Oh, for crying out loud, Internet Archive. This is not the fight you should be fighting.

The Internet Archive is the steward of an incredibly valuable repository of archived information. Much of what it's got squirrelled away is likely unique, irreplaceable historical records of things that have otherwise been lost. And they're risking all of that in this quixotic battle to share books that are widely available anyway and not at all at risk.

"Lending" out those books in the way that they did was blatant copyright violation spitting directly into the eye of publishers known to be litigious and vindictive. All to fight for a point that's not part of their mandate, archiving the Internet. They're going to lose and it's going to hurt them badly.

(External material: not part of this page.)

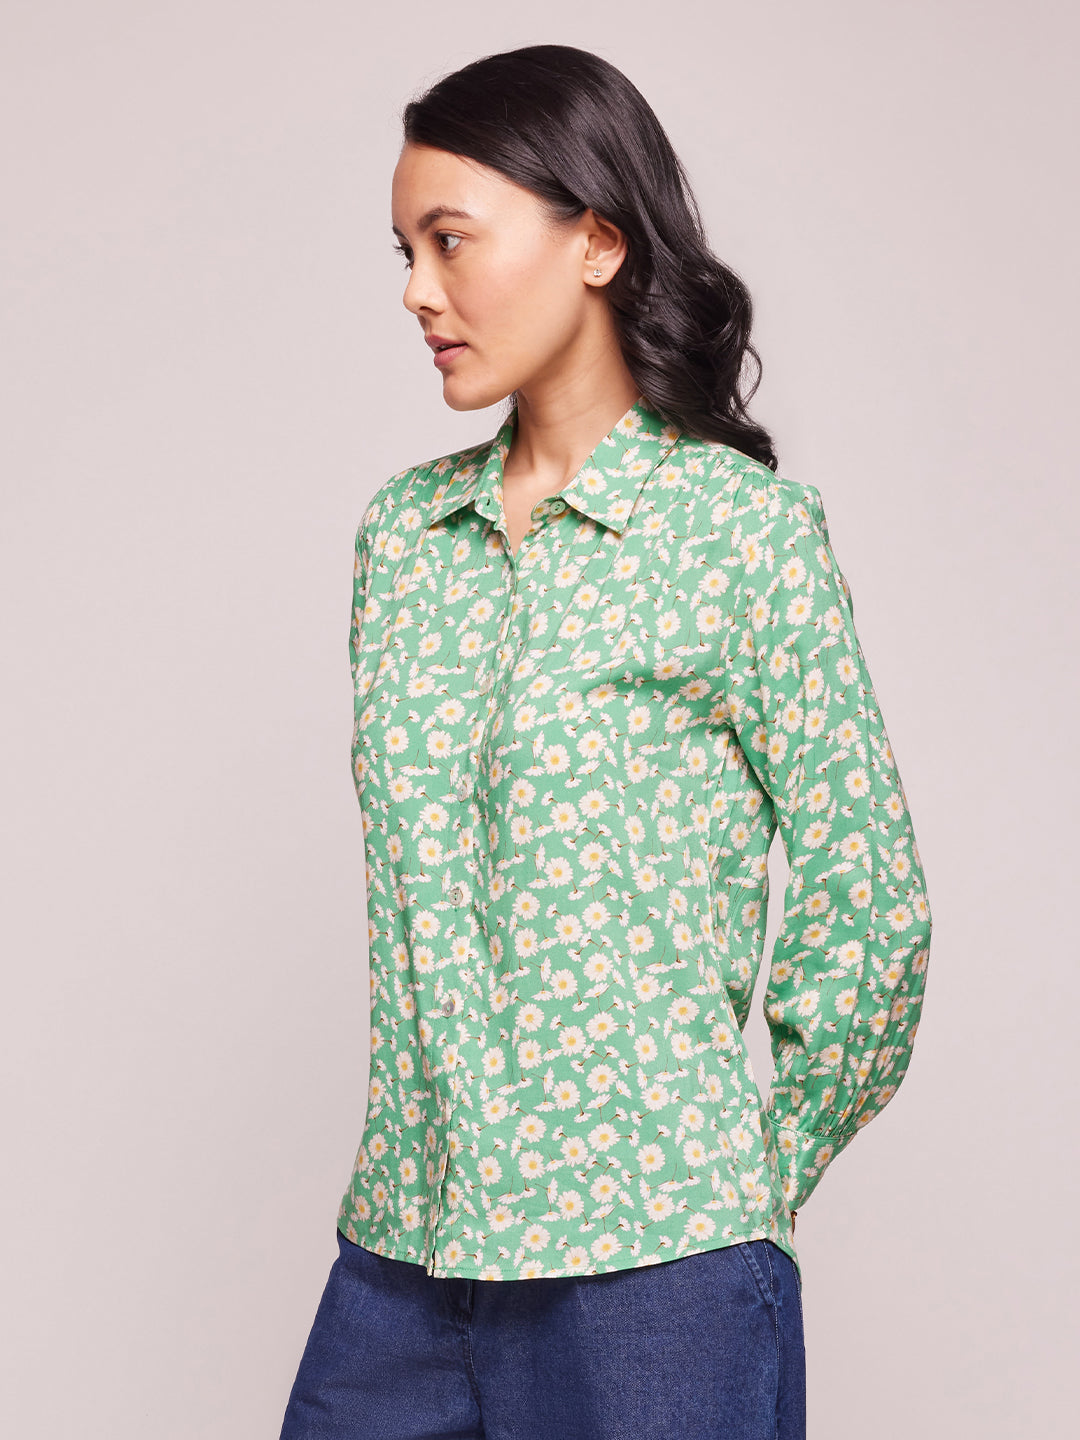 Bombay High Women's Full Sleeve Floral Print Relaxed Fit Shirt

Each copy can only be loaned to one person at a time, to mimic the lending attributes of physical books.

Internet Archive believes that its approach falls under fair use but publishers Hachette, HarperCollins, John Wiley, and Penguin Random House disagree. They filed a lawsuit in 2020 equating IA’s controlled digital lending operation to copyright infringement.

That is not what the lawsuit was about, Internet Archive. If you're going to fight this fight then be honest about what exactly you're fighting for. The lawsuit in 2020 was not about one-person-at-a-time lending, it was about your "COVID Emergency Library" where you removed all restrictions and let people download books freely.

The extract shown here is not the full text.